In the end, decision is yours. If I may suggest something though, you may also decide to limit the size of the node storage to stop further uploads. That’s an easy way to limit I/O necessary for the node to function while waiting for an opportunity to upgrade hardware in future.

1 Like

Thanks. Indeed, I had matched the high IOPS with the filewalkers logs and they matched.
I understand you both feel like the node is unsustainable and that it “barely” works. What I am trying to say is that, it actually works well, or well enough : The system is reachable without delay, apps work (surveillance, FTP, photos, Plex), and from a StorJ perspective, it keeps growing, stays online and do not crash.
Yes, it is pretty busy and my StoreJ volume is often 99% util, but that’s OK and does not impact the rest. I just had one “glitch” in about 4 weeks where the system was completely unusable for no reason I could understand. And it is this “glitch” that I wanted to get a root cause on.

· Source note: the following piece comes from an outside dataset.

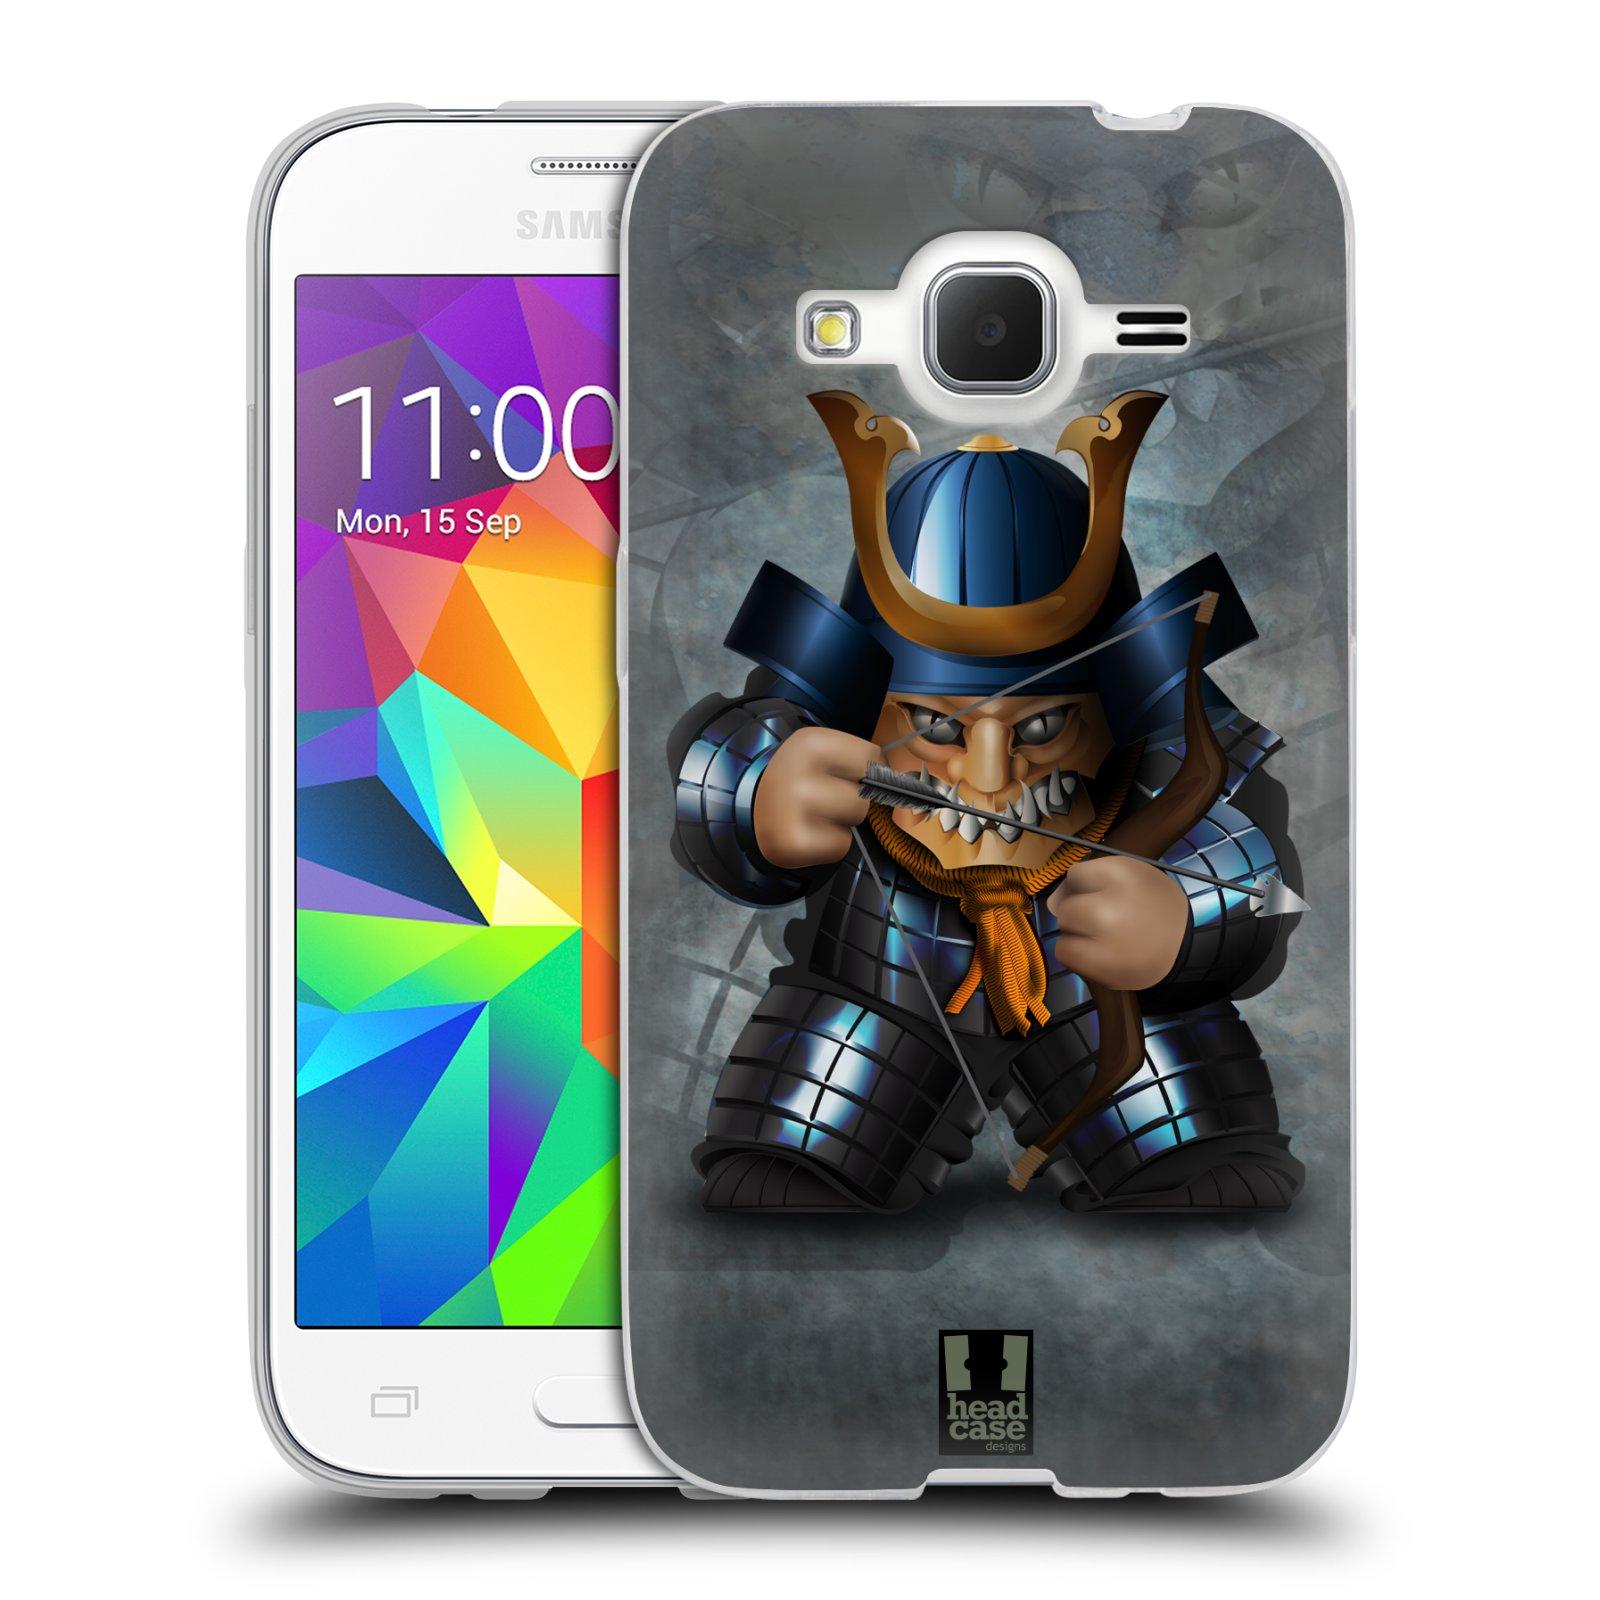 HEAD CASE silikonový obal na mobil Samsung Galaxy Core Prime (G360) vzor Malí bojovníci SHOGUN STŘELEC
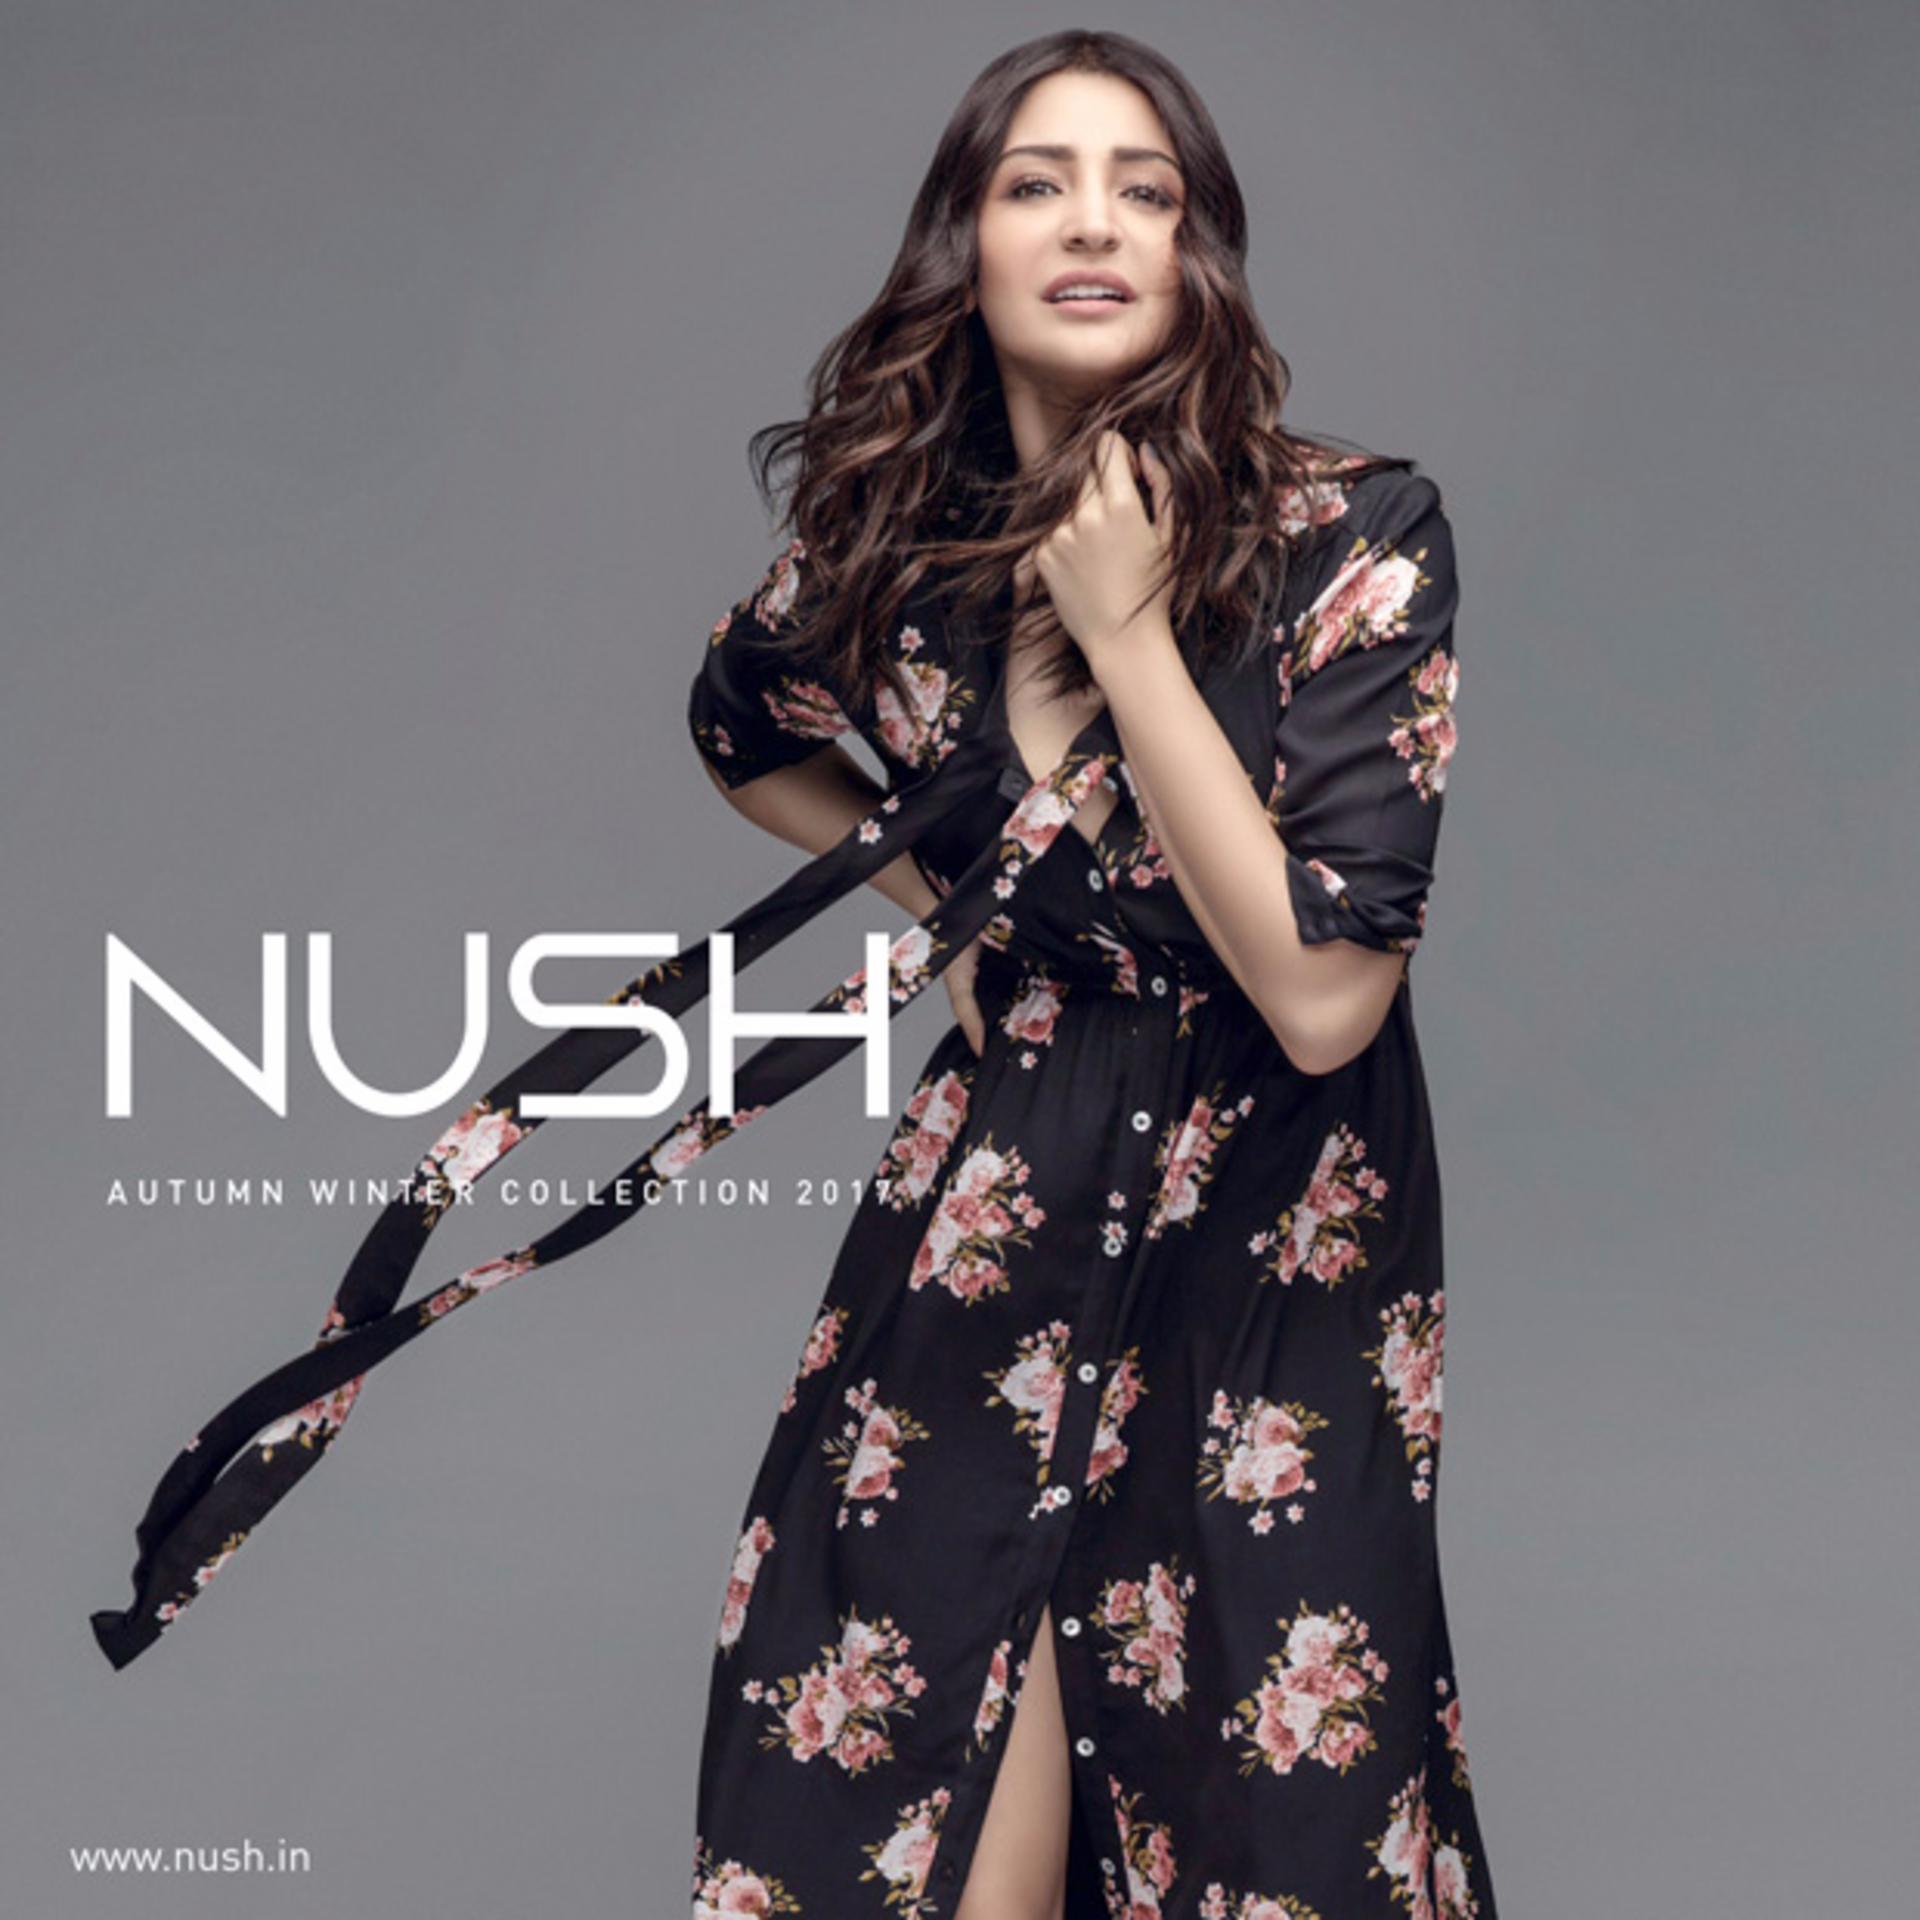 Anushka Sharma Launches Clothing Line 'NUSH' image

By the way, I am getting 50GB of ingress per day. With a total traffic at 80GB / day. Is this considered “a lot” by any scale you have?

I think it could be a one of the chores or both - they could be run in parallel, like deleting expired pieces with a TTL and deleting pieces from the trash. They are very high IOPS intensive especially for BTRFS without any acceleration either with additional RAM or SSD.